A new series from Dion Parson, the United Jazz Foundation and the Prior Family Foundation will give residents a chance to listen to performances by the V.I. Youth Ensemble, a 12-member group of young musicians that Parson said recently are the “best of the best” talents from St. Thomas and St. Croix.
The series kicked off last week at the Old Stone Farmhouse on St. Thomas and will continue every other Friday night.
“Our first official meeting for this second season was held last week and it brought together the best of the best of the Virgin Islands, from St. Croix and St. Thomas,” Parson explained. “Dion Donadelle and I got together to create this ensemble and, with the support of the Education Department, we traveled to St. Croix, auditioned the students and have been able to put everyone together.”

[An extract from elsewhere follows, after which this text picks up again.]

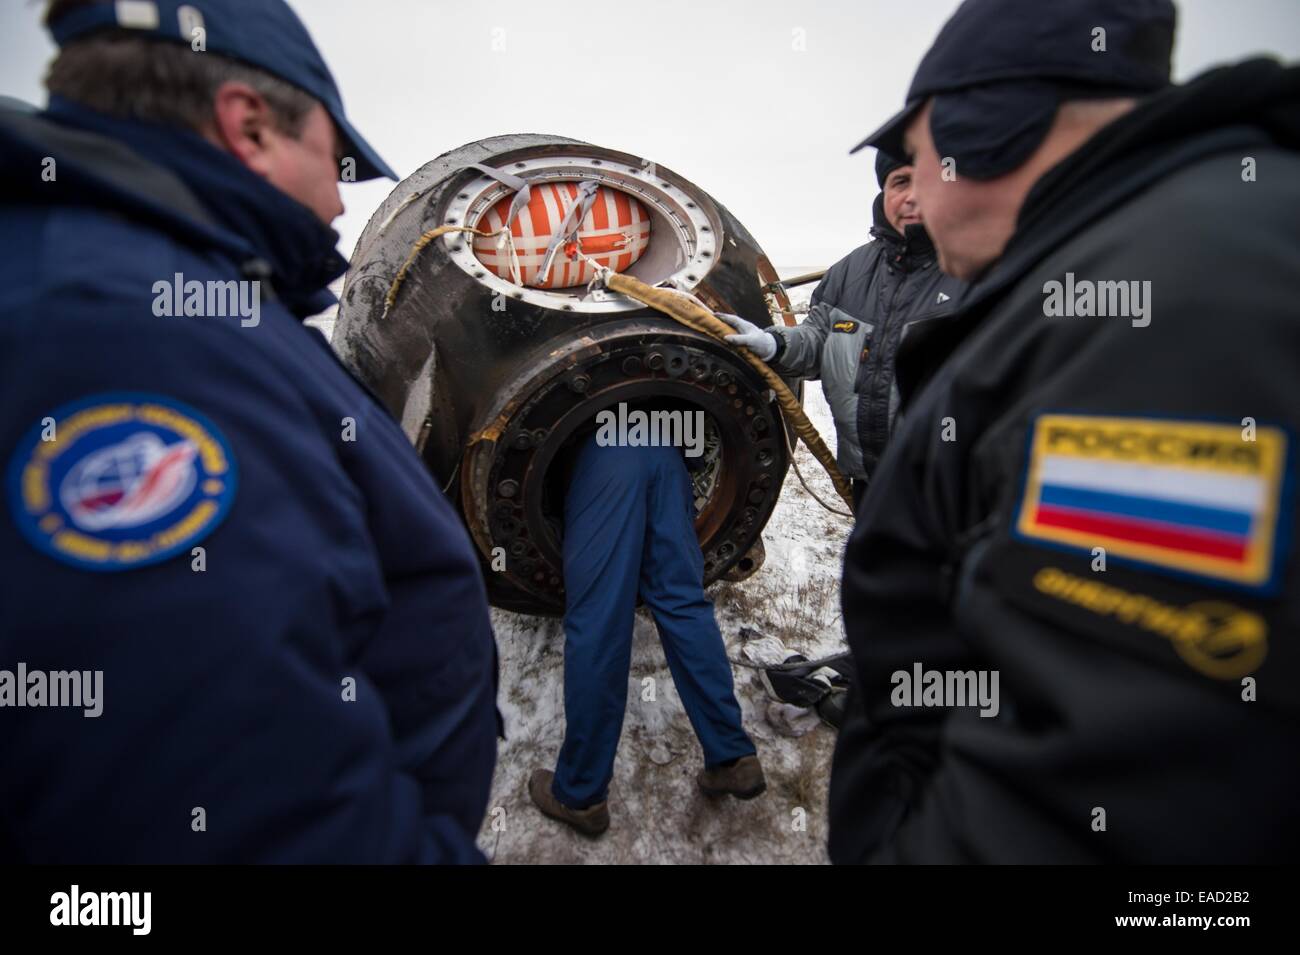 Russian Federal Space Agency ground personnel work to extract ISS Expedition 41 crew from the Soyuz TMA-13M space capsule just minutes after they landed in a remote area November 10, 2014 near Arkalyk, Kazakhstan. Suraev, Wiseman and Gerst returned to Earth after more than five months onboard the International Space Station where they served as members of the Expedition 40 and 41 crews. Stock Photo

At the event, Parson said he and Donadelle, the Ivanna Eudora Kean High School band director, launched the V.I. Youth Ensemble in 2014 under the United Jazz Foundation’s Mentoring Through the Art of Music program.
This year, Parson said the group will be heading to New York City in May for Mother’s Day weekend to participate in the Jazz at Lincoln Center’s Essentially Ellington Weekend competition. While the V.I. Youth Ensemble isn’t going to compete this time around, the students will get a chance to observe and listen to pieces performed by high school students across the nation.
“And when the Youth Ensemble performs here every other week, they’re not going to get paid,” Parson said. “Their payment is going to go right back into the fund to cover this trip.”
Part of the draw of the new music series and being a part of the ensemble is giving the students the opportunity to learn from their peers, including former Mentoring Through the Art of Music protégés that have recently gone on to college to study music. Included in that group is bassist Tabari Lake, now in his second year at Berklee College of Music, who not only played at the Old Stone Farmhouse kickoff but stayed on-island to be part of jam sessions and workshops with other V.I. Youth Ensemble members.
“The whole experience was amazing,” Lake said before he flew back to school Monday. “I remember just a few years ago playing with some of these guys, and seeing how far they have come is really cool. They’re really doing it.”
Lake was on hand for a jam session Monday at Antilles School with his former Charlotte Amalie High School band teacher Georgia Francis and V.I. Youth Ensemble member Joshua Farrell. Lake sat pouring over a bass that he said Francis gave him to learn on “years ago,” while Farrell set up his drum set, ready to go.
“The teachers that I had really pushed me to this point and it’s great to be able to work with them again through this group,” Lake said.
Parson has often said that the Mentoring Through the Art of Music Program gives the United Jazz Foundation the chance to bring back master musicians who can partner with local youth. Working through sponsors such as the Community Foundation of the Virgin Islands, he said recently that having students such as Lake come back and work with the V.I. Youth Ensemble gives the students a chance to see what they can become.
“Each one teaches one. We lift as they climb,” Parsons said at last week’s series kick off. “I’ve had a lot of great mentors in my life, a lot of musicians that took me under their wings and now, when I call on these individuals to do the same, they always come back home and support.”
Students in the V.I. Youth Ensemble are Tariq Lionel from St. Croix Central High School; Keshawn Hardy, Alex Charles and Micah Tyson from St. Croix Educational Complex; Hezekiah George, Jalen Francis and Sherwin Williams from Ivanna Eudora Kean; Jovier Adams, Uriel Rogers, Elijah Braithwaite and Naysha Lynch from CAHS; and Farrell from Antilles.